Source material:
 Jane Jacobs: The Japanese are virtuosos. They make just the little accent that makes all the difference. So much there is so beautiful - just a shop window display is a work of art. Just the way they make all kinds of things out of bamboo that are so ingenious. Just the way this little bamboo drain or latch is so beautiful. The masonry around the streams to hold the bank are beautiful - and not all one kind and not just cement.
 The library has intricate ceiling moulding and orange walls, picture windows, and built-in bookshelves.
...
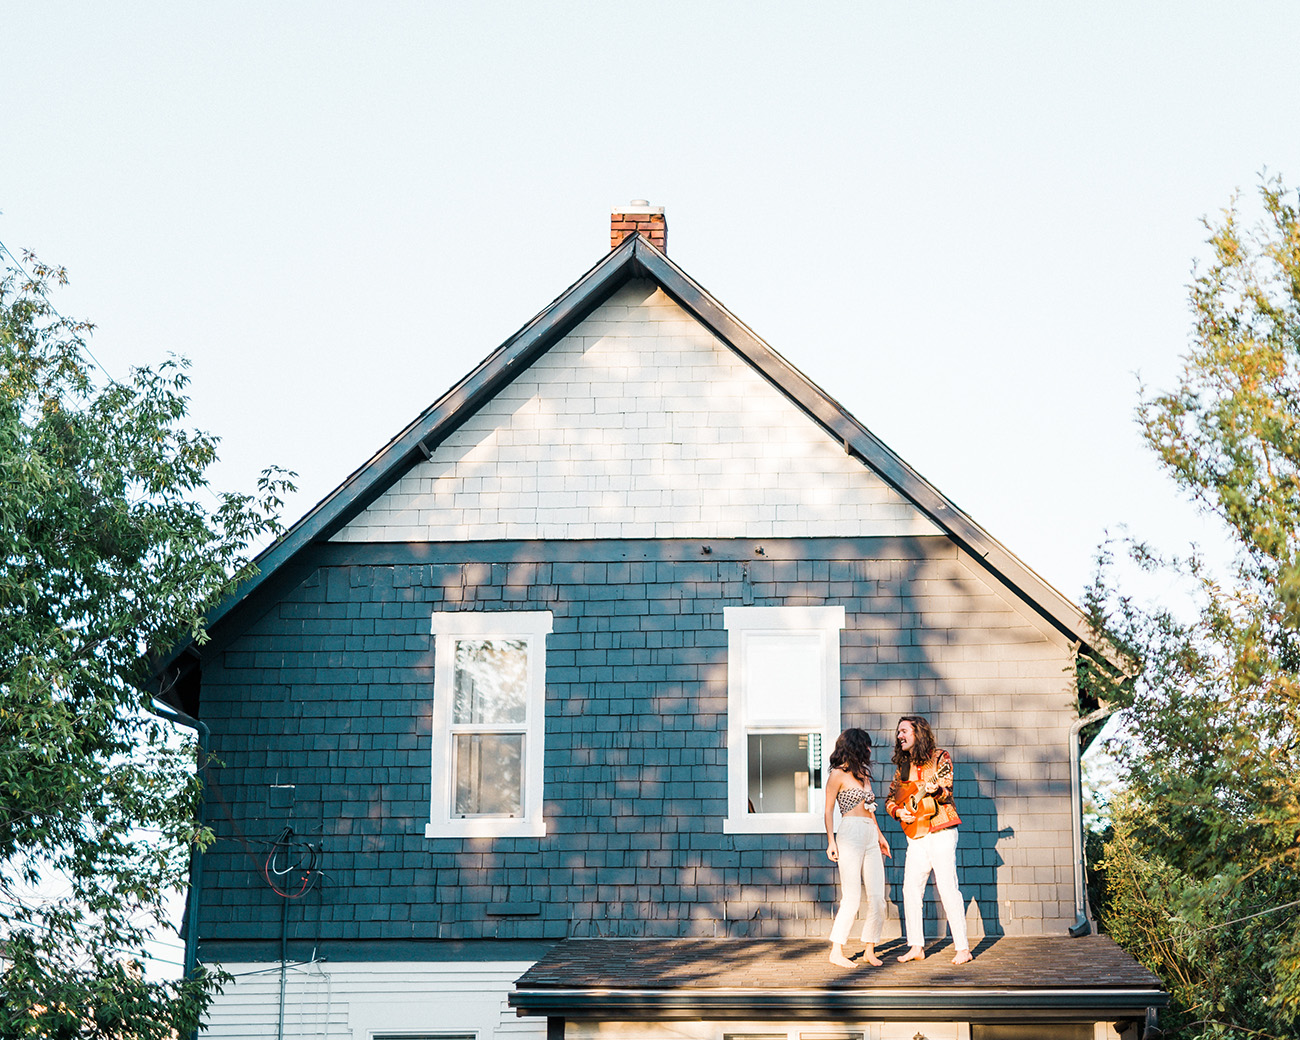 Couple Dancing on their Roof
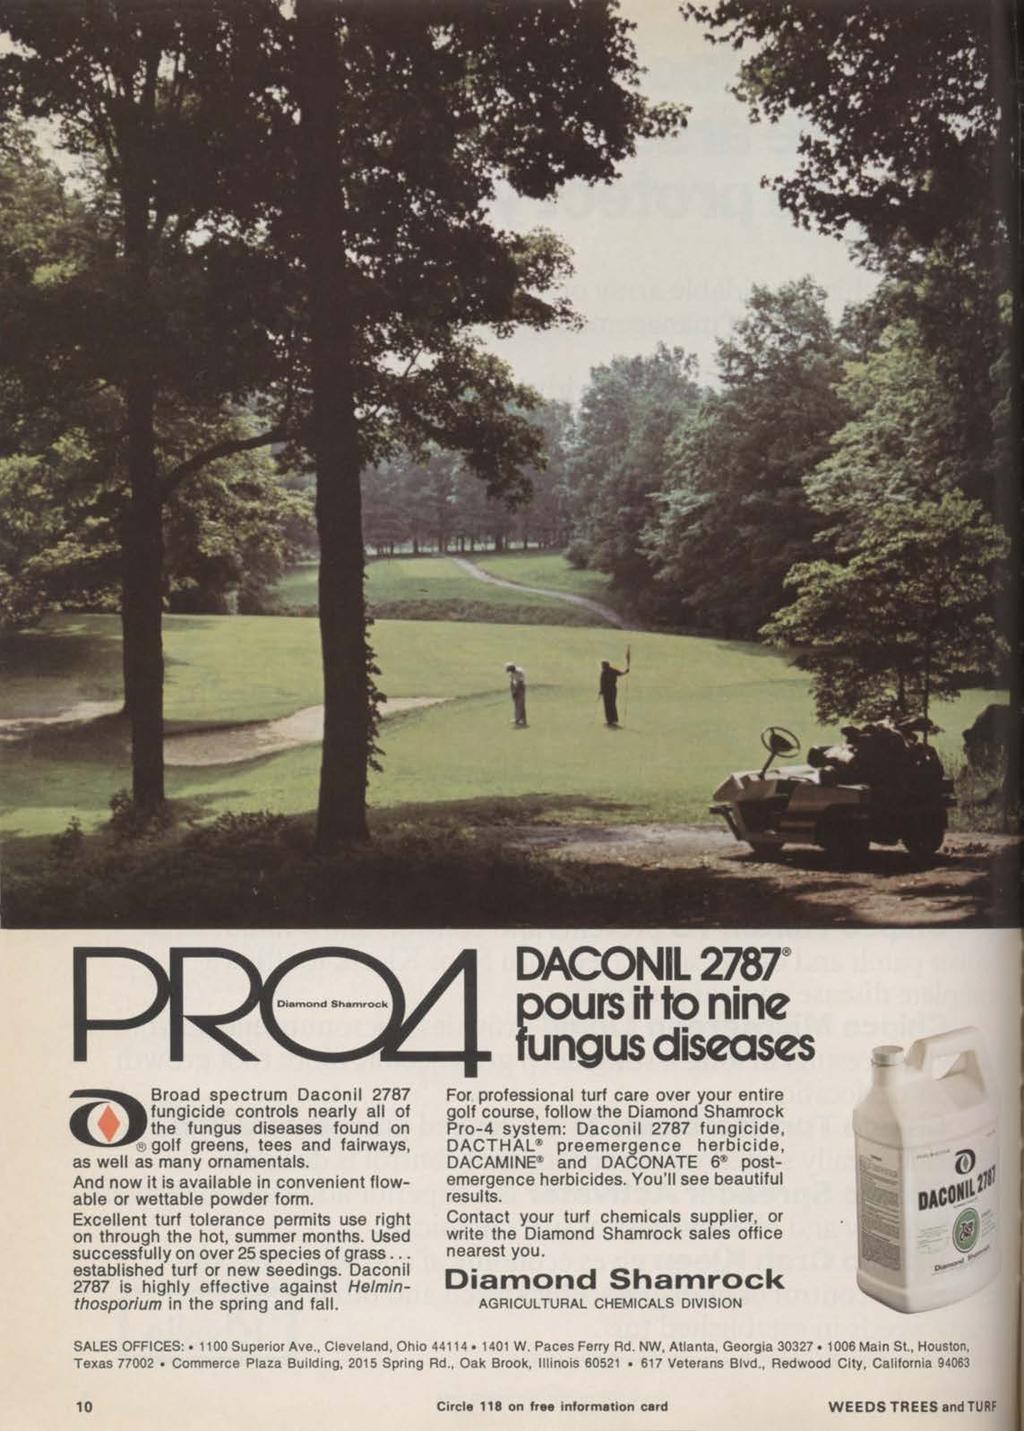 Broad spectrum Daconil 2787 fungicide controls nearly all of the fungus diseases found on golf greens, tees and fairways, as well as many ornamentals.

Problem details: Taking the entries above, write out exactly the lines starting with the line containing "Jane Jacobs: The" and going on through the line containing "The library has", both included, and nothing else.

Result:
 Jane Jacobs: The Japanese are virtuosos. They make just the little accent that makes all the difference. So much there is so beautiful - just a shop window display is a work of art. Just the way they make all kinds of things out of bamboo that are so ingenious. Just the way this little bamboo drain or latch is so beautiful. The masonry around the streams to hold the bank are beautiful - and not all one kind and not just cement.
 The library has intricate ceiling moulding and orange walls, picture windows, and built-in bookshelves.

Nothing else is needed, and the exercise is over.